Effects of Elevated CO2 and Temperature on Condensed Tannin Concentrations in Silver Birch Tree Leaves
Huttunen, L., Aphalo, P.J., Lehto, T., Niemela, P., Kuokkanen, K. and Kellomaki, S. 2009. Effects of elevated temperature, elevated CO2 and fertilization on quality and subsequent decomposition of silver birch leaf litter. Soil Biology & Biochemistry 41: 2414-2421.
In the present study, Huttunen et al. (2009) grew, from seed, well-watered silver birch (Betula pendula) plants in small containers filled with peat that were supplied with nitrogen (N) at low, moderate and high rates equivalent to 0, 150 or 500 kg N per hectare per year, respectively, and maintained within climate-controlled closed-top chambers located out-of-doors at the University of Joensuu in Finland at either ambient or elevated air temperature (T or T + 2°C) at either ambient or elevated air CO2 concentrations (360 or 720 ppm) from mid-June 1999 to the end of the 2000 growing season, after which they harvested their leaves and determined their insoluble condensed tannin concentrations.

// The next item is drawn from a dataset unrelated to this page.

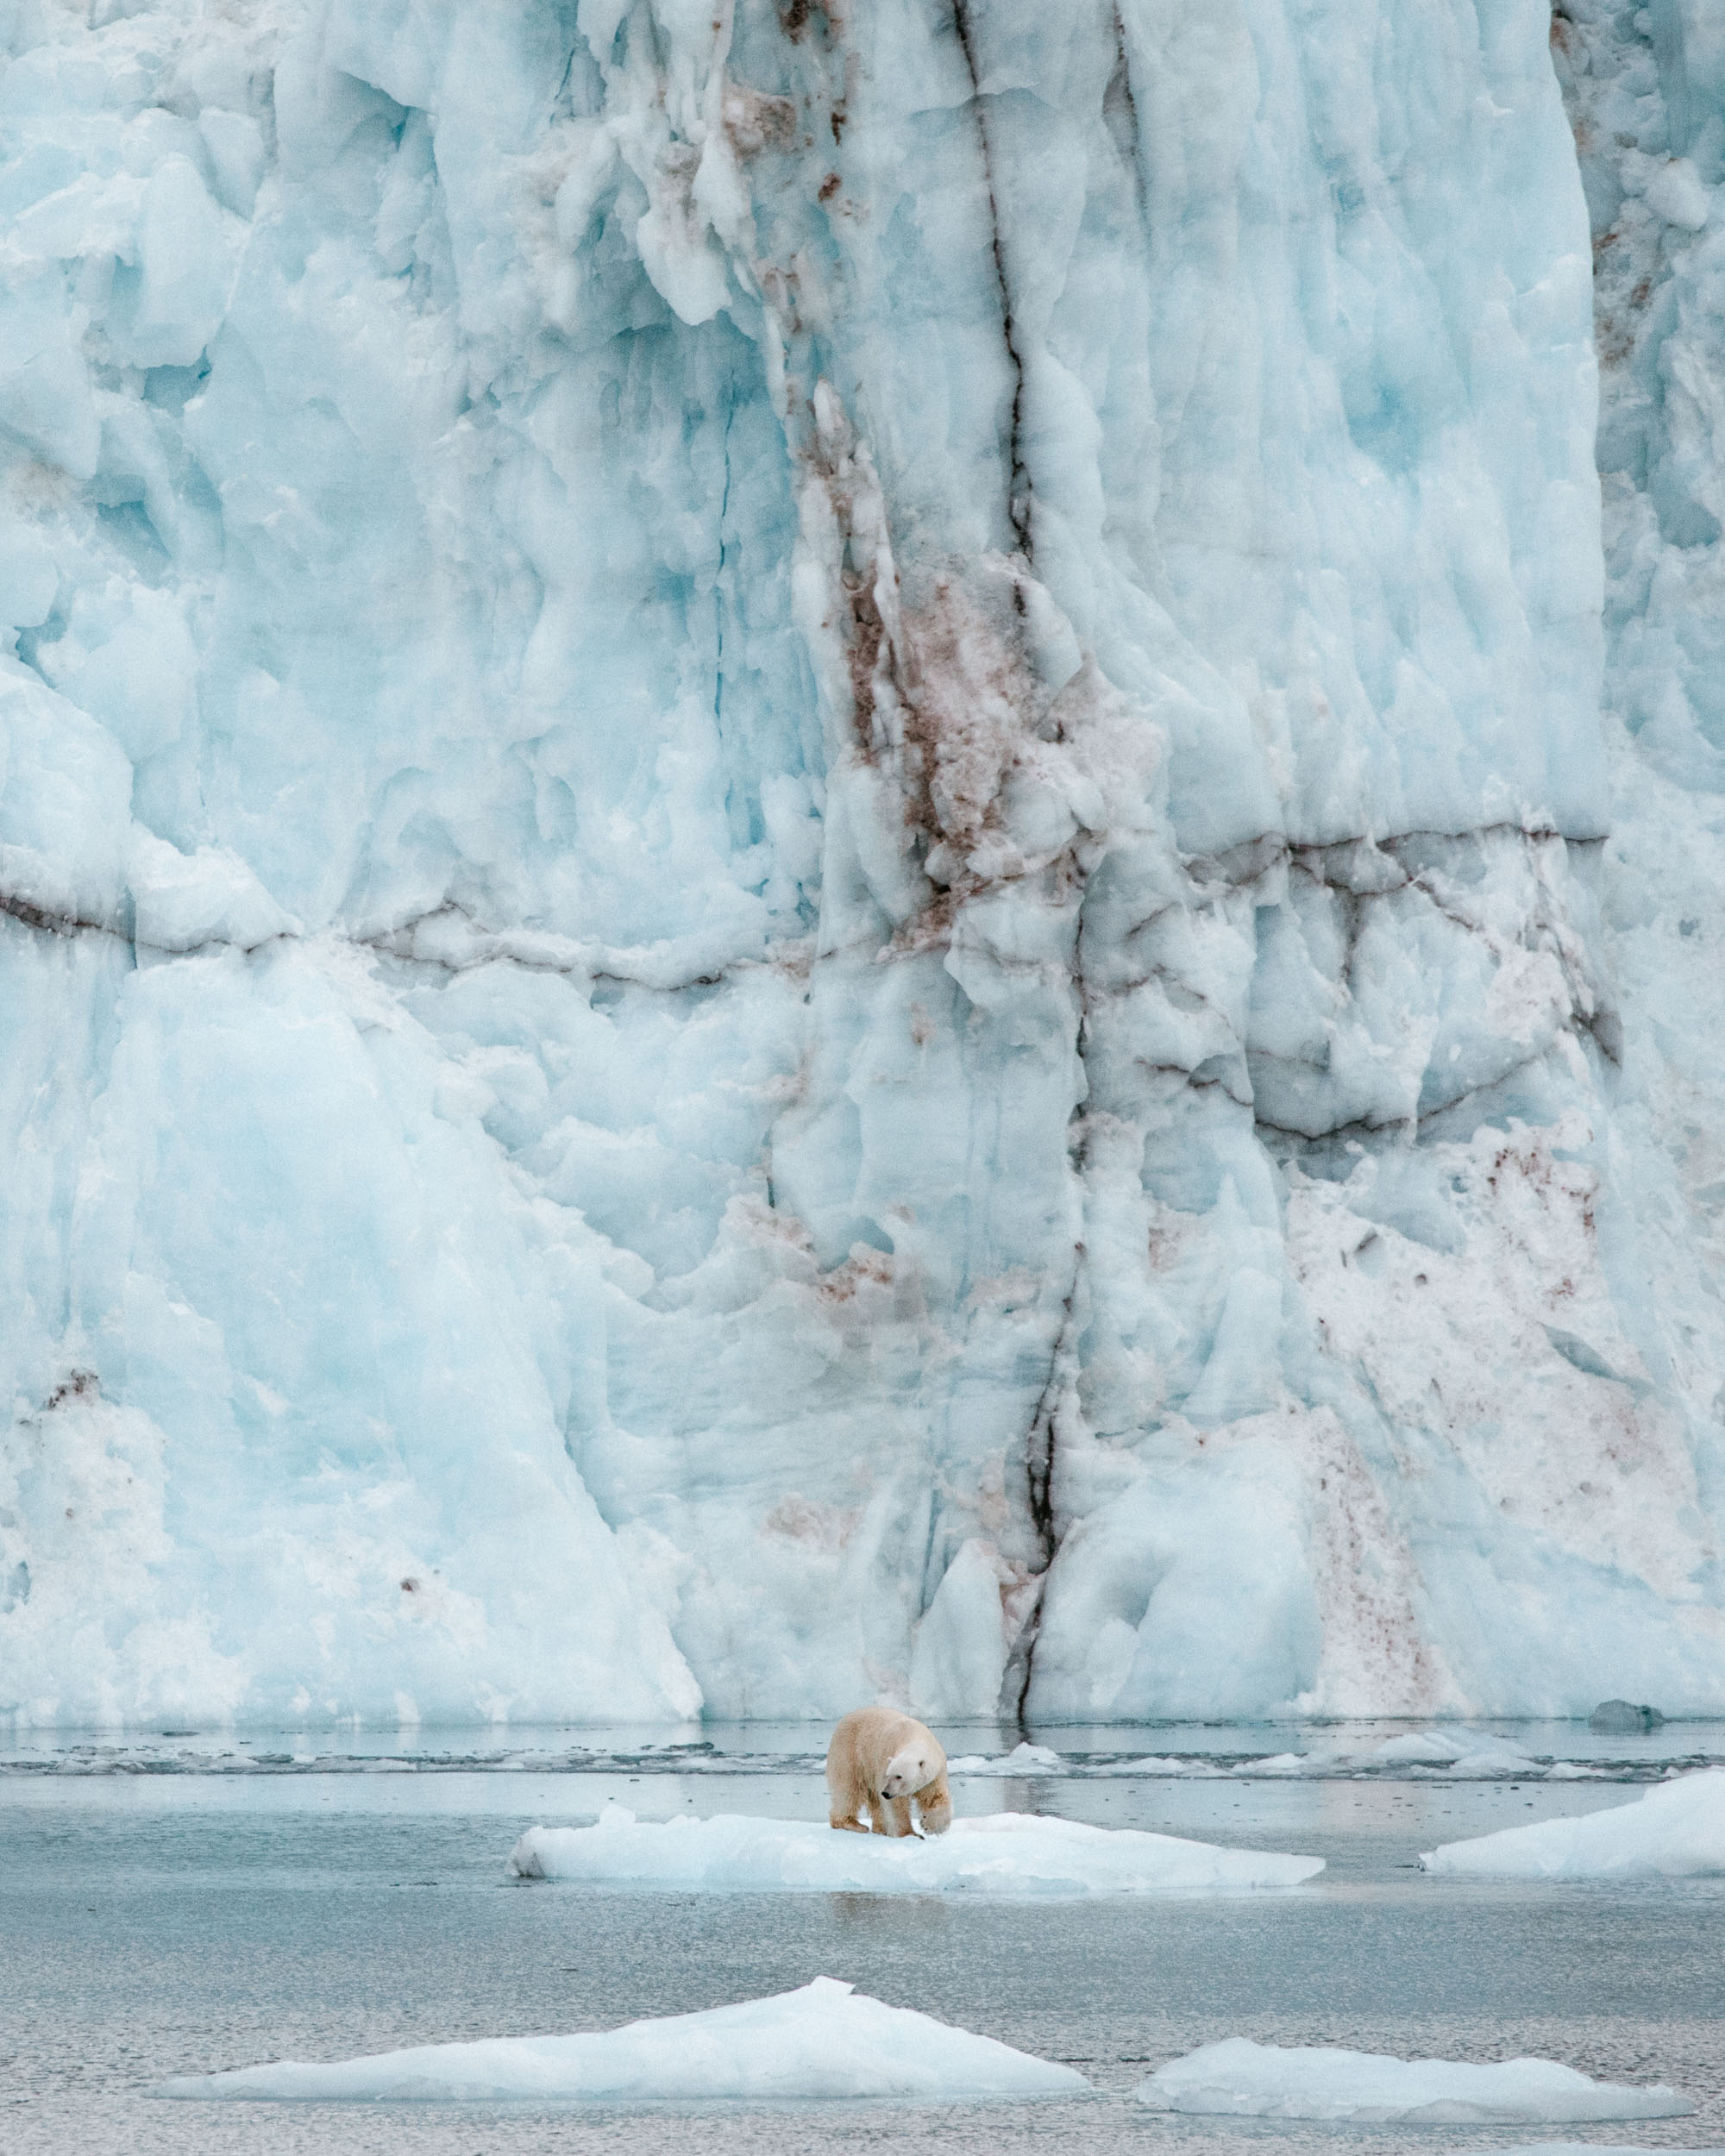 Polar bear on the ice in front of a glacier in Svalbard, Spitsbergen, Norway

As best as can be estimated from the graphical presentations of Huttunen et al.'s results, the doubling of the atmospheric CO2 concentration they imposed on the tree seedlings led to the following increases in insoluble condensed tannin concentrations: 52% (low N), 17% (moderate N), 99% (high N) under the ambient air temperature regime, and 61% (low N), 67% (moderate N), 20% (high N) under the elevated air temperature regime. With all air temperature and soil nitrogen treatments showing CO2-induced increases in insoluble condensed tannin concentrations in silver birch leaves, it can be expected that this phenomenon would help to protect the trees' foliage from predation by voracious insect herbivores, as well as reduce methane emissions from ruminants that might nibble on birch-tree foliage produced in CO2-enriched air.